Reputation: 893
I'm pulling a dataset from a database which gives me a vector of structs of the form:
struct Foo {
id: i32,
parent: Option<i32>,
data: String,
}
I would like to serialize and output to JSON the nested version of this data as a vector of:
struct Bar {
id: i32,
data: String,
children: Option<Vec<Bar>>,
}
I'm having some issues wrapping my head around the implementation of this due to the recursive nature. I can solve the problem one level down using iterators, but then hit a wall when I want to iterate again over the same vector.
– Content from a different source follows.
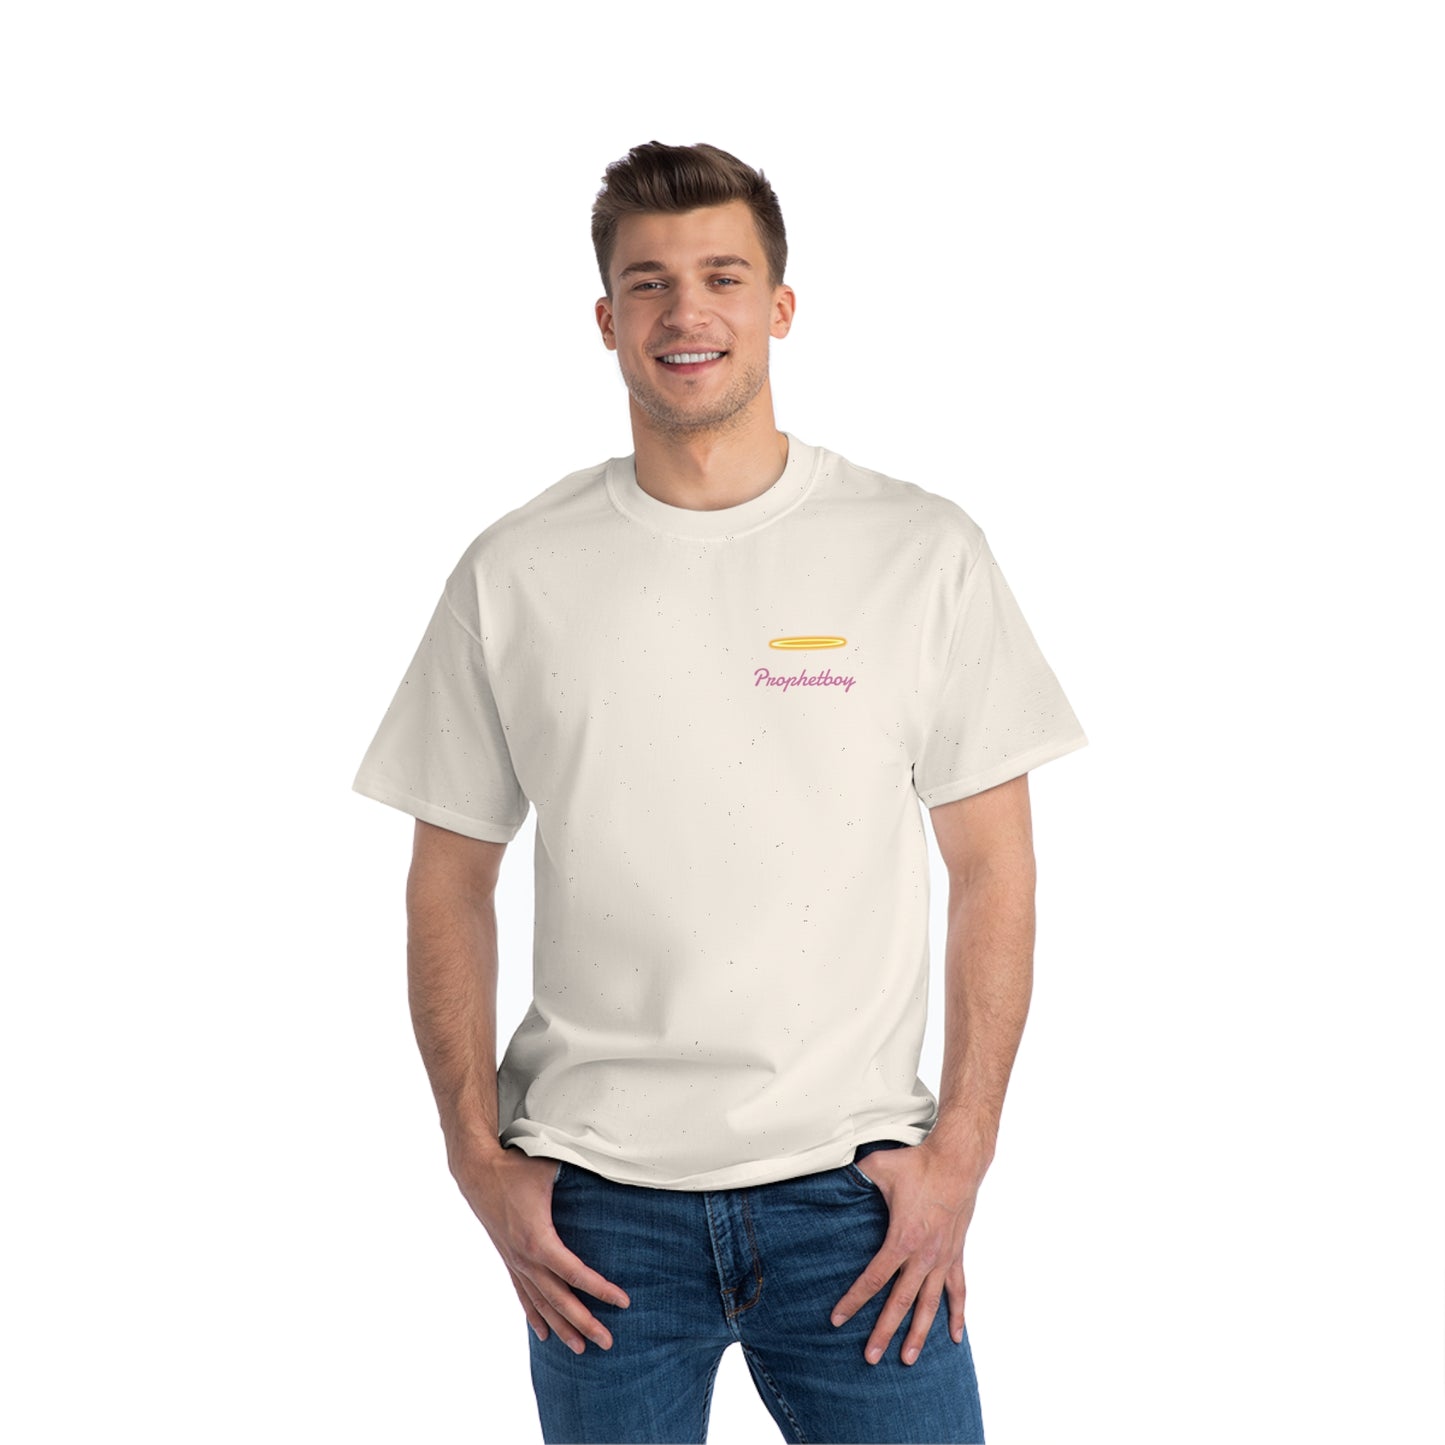 Prophetboy "PROPHETIC HOOPS" Short-Sleeve T-Shirt

For example, a method on Vec<Foo>
which attempts to just nest children ids into a hashmap:
fn build_tree(&self) -> HashMap<i32, Vec<i32>> {
let mut tree = HashMap::new();
for node in self.iter() {
if let Some(parent) = node.parent {
let leaf = tree.entry(parent).or_insert(Vec::new());
leaf.push(node.id);
}
}
tree
}
yields
{14: [15], 3: [14], 1: [2, 17], 2: [16, 18], 18: [19], 19: [20]}
But what I require would be something deeper:
{3: [14: [15]], 1: [2: [16, 18: [19: [20]]], 17]}
Reading through this post about turning a recursive idea into iterative code suggests that such an implementation is possible, but I've had difficulty taking the ideas from that problem and applying them here.
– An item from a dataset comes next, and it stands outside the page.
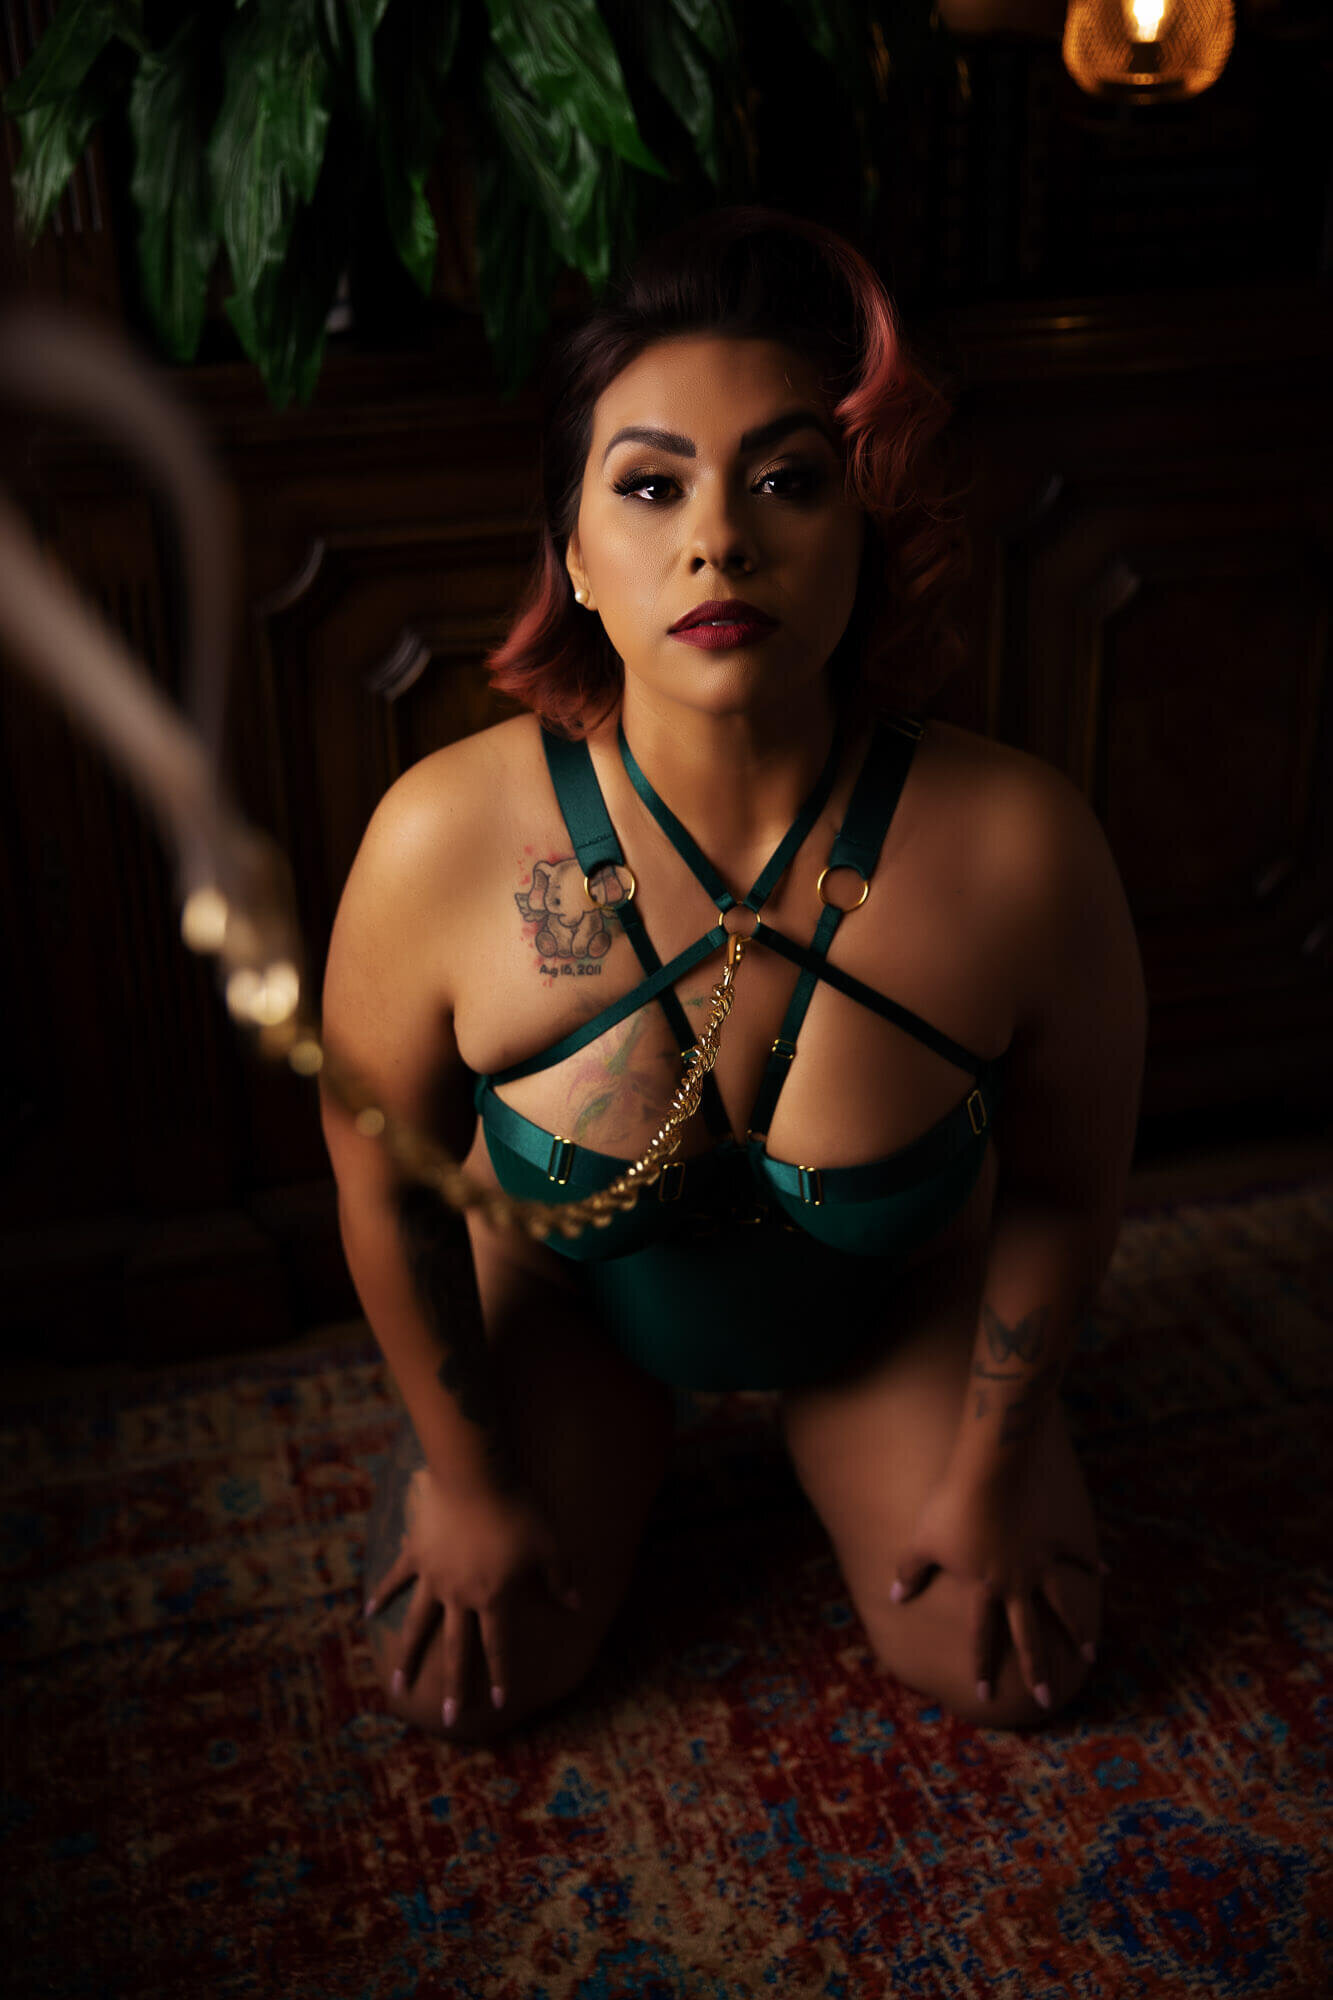 Intimate bondage-inspired boudoir shots revealing your inner strength and sensuality in Scottsdale, Arizona

Can someone describe a method for transforming this Vec<Foo>
to a Vec<Bar>
? I'd be happy with an iterative or recursive suggestion; I just had a lot of issues with borrows and referencing when I tried recursion myself.
Upvotes: 2
Views: 226
Reputation: 430673
The straight-line solution involves building up a graph of all your data and traversing it recursively, returning the Bar
from each level and collecting them.
We start by creating a petgraph::DiGraphMap
— a directed graph that allows us to control the node IDs (since we just have numeric identifiers). If a node has a parent, we ensure that exists in the graph and add an edge from the parent to the child. If it doesn't have a parent, we know that it will be one of our top-level ids, so we stash it aside for later:
let mut graph = DiGraphMap::new();
let mut top_level_ids = vec![];
for i in &input {
graph.add_node(i.id);
match i.parent {
Some(parent_id) => {
graph.add_node(parent_id);
graph.add_edge(parent_id, i.id, ());
}
None => {
top_level_ids.push(i.id);
}
}
}
Next, we iterate over all of the top-level IDs and convert them into a Bar
:
let result: Vec<_> = top_level_ids
.into_iter()
.map(|id| build_tree(&graph, id))
.collect();
Building a Bar
is the recursive core of the problem. We construct another Bar
for each child, stuff them all into a Vec
, then return the current Bar
:
fn build_tree(graph: &DiGraphMap<i32, ()>, id: i32) -> Bar {
let children = graph
.neighbors(id)
.map(|child_id| build_tree(graph, child_id))
.collect();
Bar { id, children }
}
At this point, you have a Vec<Bar>
. It's an exercise for the reader how to properly encode this for the desired JSON format :-).